Neanche per me.  Per ''salvietta'' (un francesismo che non amo) io intendo un tovagliolino, specialmente uno di carta.

Etimologia : salvietta

--incrociato con Olaszinhok--


----------



## alfaalfa

Olaszinhok said:


> Marche centro-settentrionali


Sparrone commanna!


----------



## Olaszinhok

alfaalfa said:


> Sparrone commanna!


----------



## alfaalfa

Nelle Marche anche io e qui lo strofinaccio lo chiamano sparrone.


----------



## Starless74

alfaalfa said:


> se dovessimo chiamarlo *salvietta* sarebbe comprensibile? Se sì, in che parti d'Italia? Per me, no.


La salvietta è strettamente personale; a tavola, corrisponde più propriamente al tovagliolo; altrove è quella monouso, umida o non.


alfaalfa said:


> strofinaccio/canovaccio/panno cucina/mappina


Per asciugare piatti e stoviglie, questi sono (credo) i termini comunemente accettati.


----------



## bearded

Peraltro qui in Lombardia (e anche in Emilia) di solito uno strofinaccio è piuttosto uno straccio/cencio per la polvere o per i pavimenti, e il termine ''mappina'' non viene usato.


----------



## Olaszinhok

alfaalfa said:


> Nelle Marche anche io e qui lo strofinaccio lo chiamano sparrone.
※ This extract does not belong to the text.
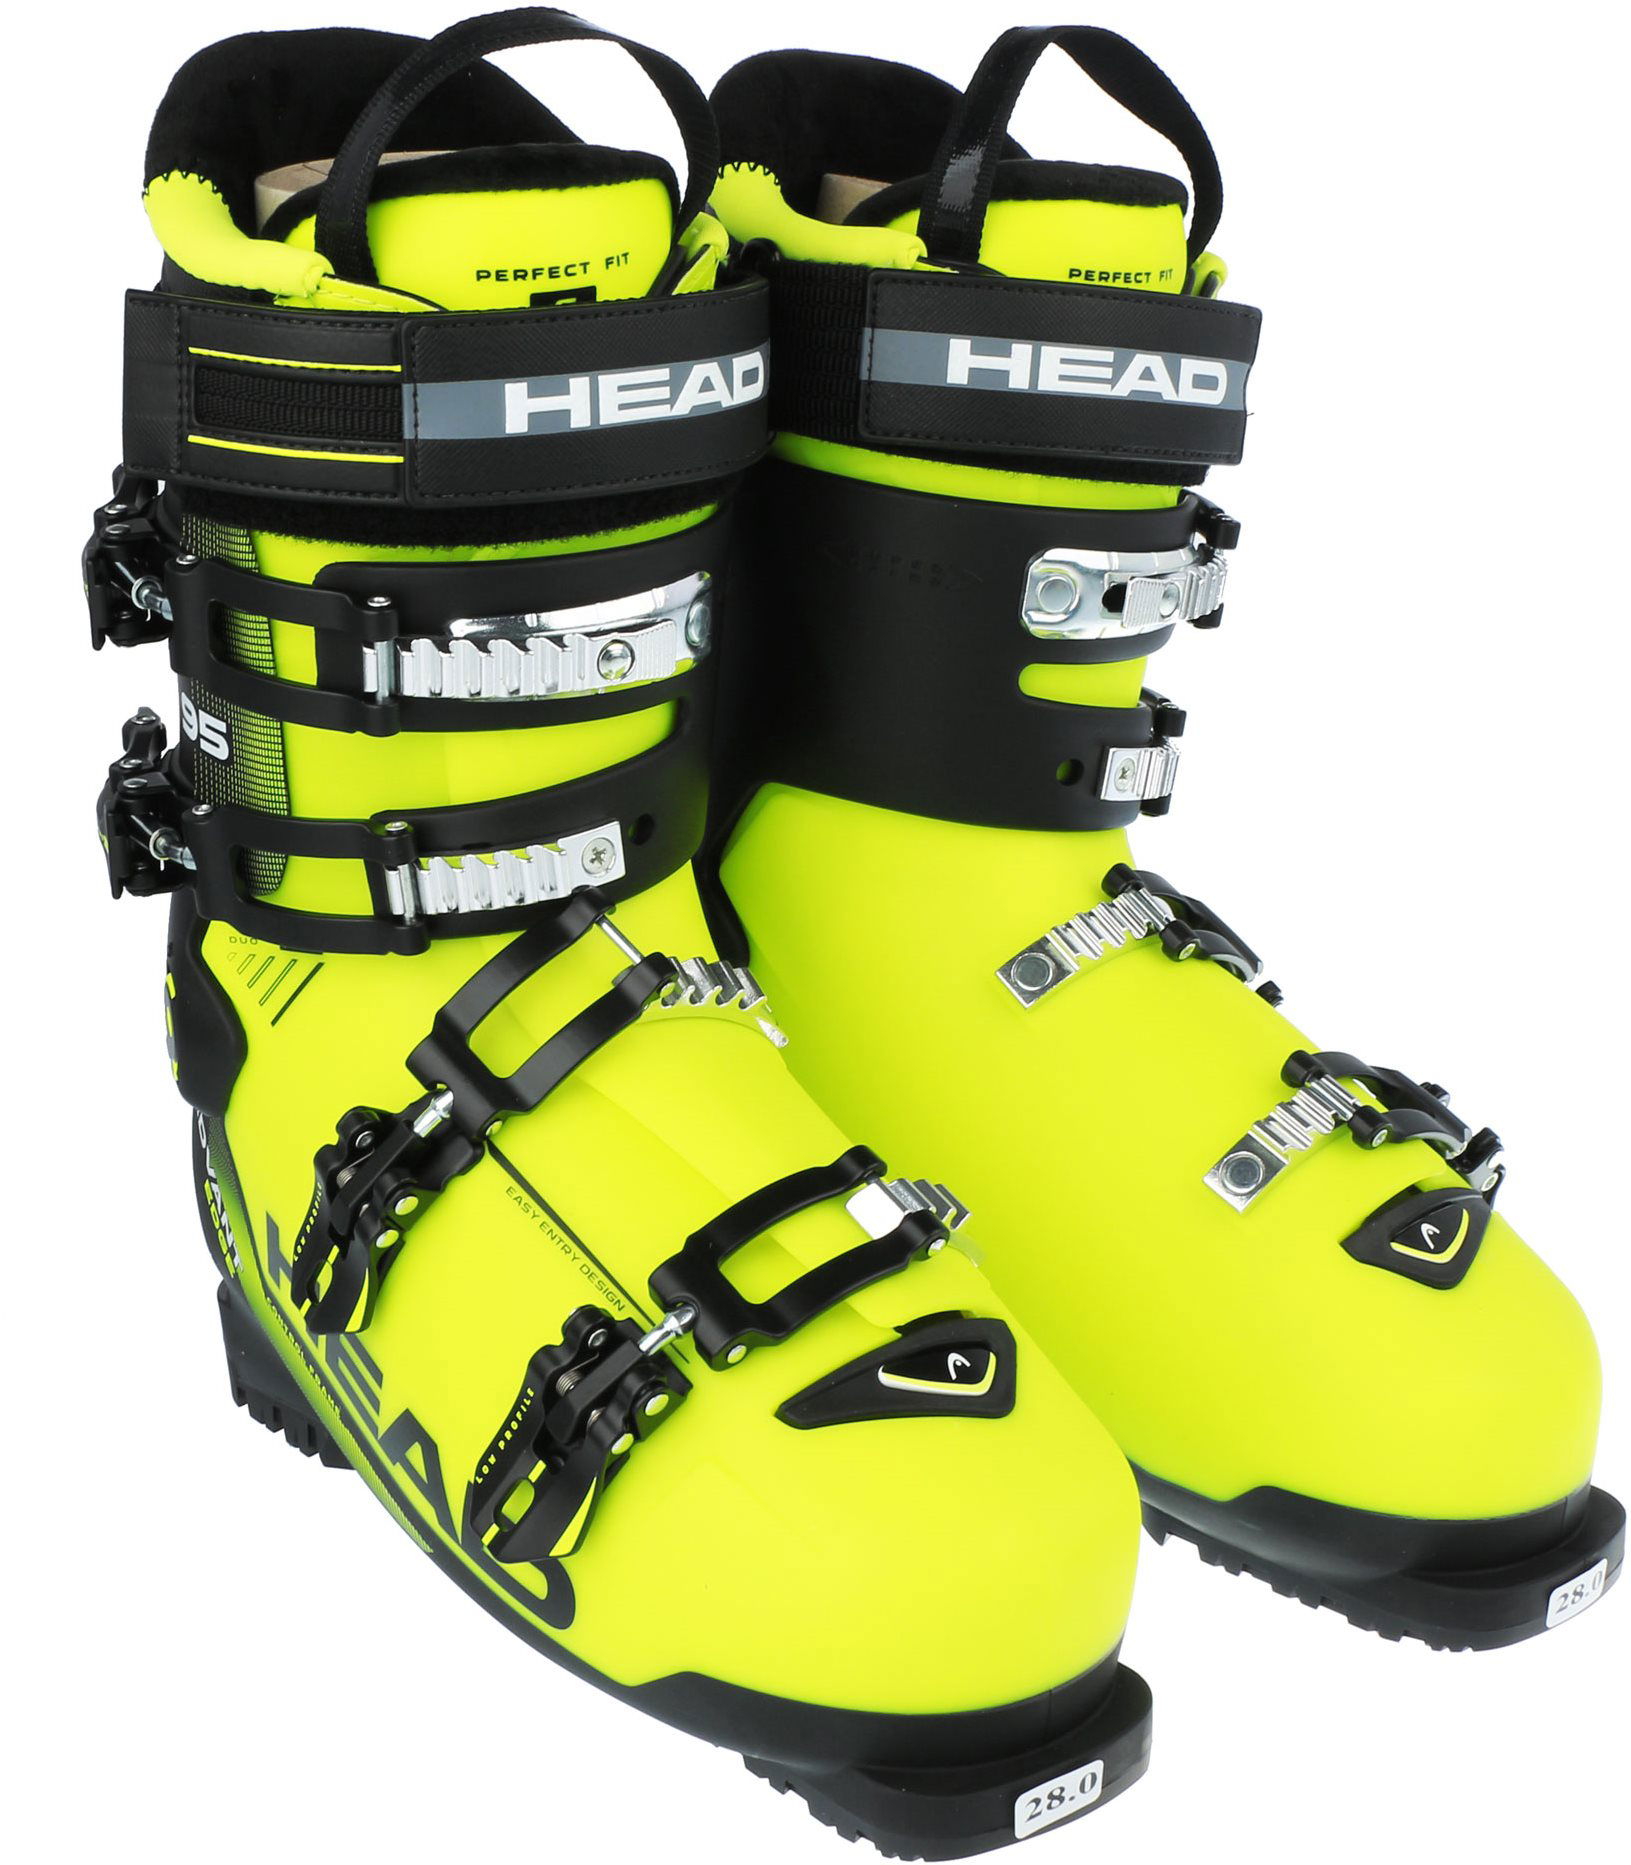 Head Advant Edge 95 size 43 EU / 280 mm - Ski Boots | alza.sk
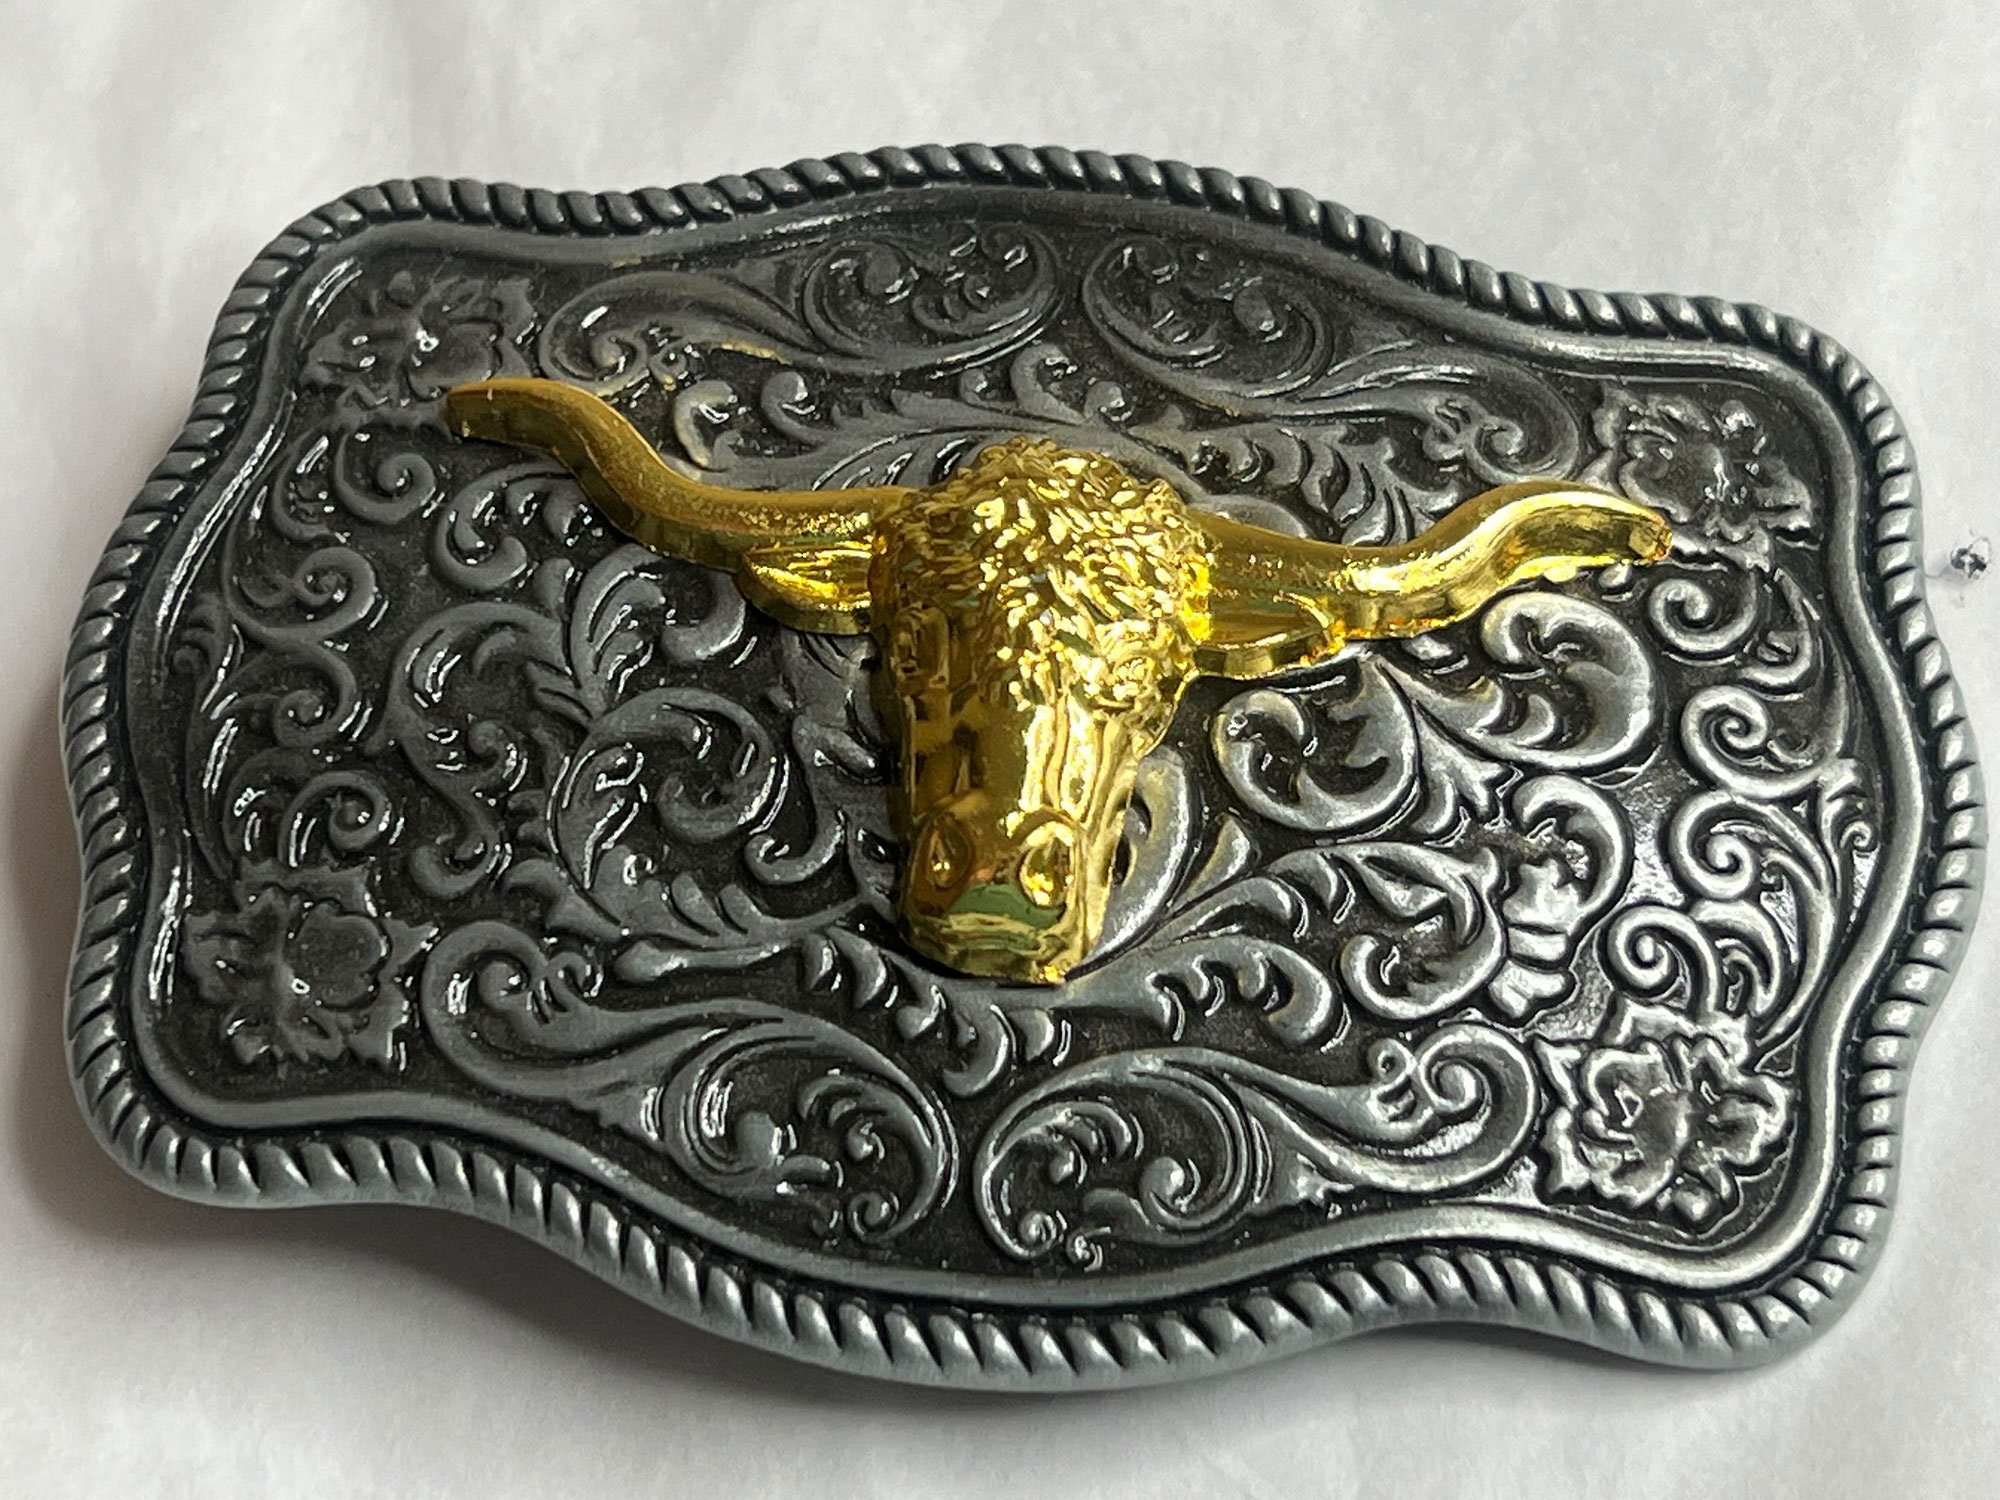 Bourgeon transactie Proficiat Highland Cattle Steer Bull Metal Belt Buckle Gold & Silver - Etsy

Non da me, ecco perché ho voluto precisare. Sai bene quanto cambiano le "lingue" nelle Marche.  



bearded said:


> 'mappina'' non viene usato.


Io non capirei neppure mappina, l'ho sentita ma non avrei saputo  dire che cosa fosse.


----------



## alfaalfa

Olaszinhok said:


> Non da me, ecco perché ho voluto precisare. Sai bene quanto cambiano le "lingue" nelle Marche.


Capirai! Sono pugliese e lì ci serve l'interprete



Olaszinhok said:


> Io non capirei neppure mappina, l'ho sentita ma non avrei saputo dire che cosa fosse.


Non vorrei sbagliarmi ma dal Lazio/Abruzzo in giù è comunemente usato.


----------



## Olaszinhok

alfaalfa said:


> Capirai! Sono pugliese e lì ci serve l'interprete.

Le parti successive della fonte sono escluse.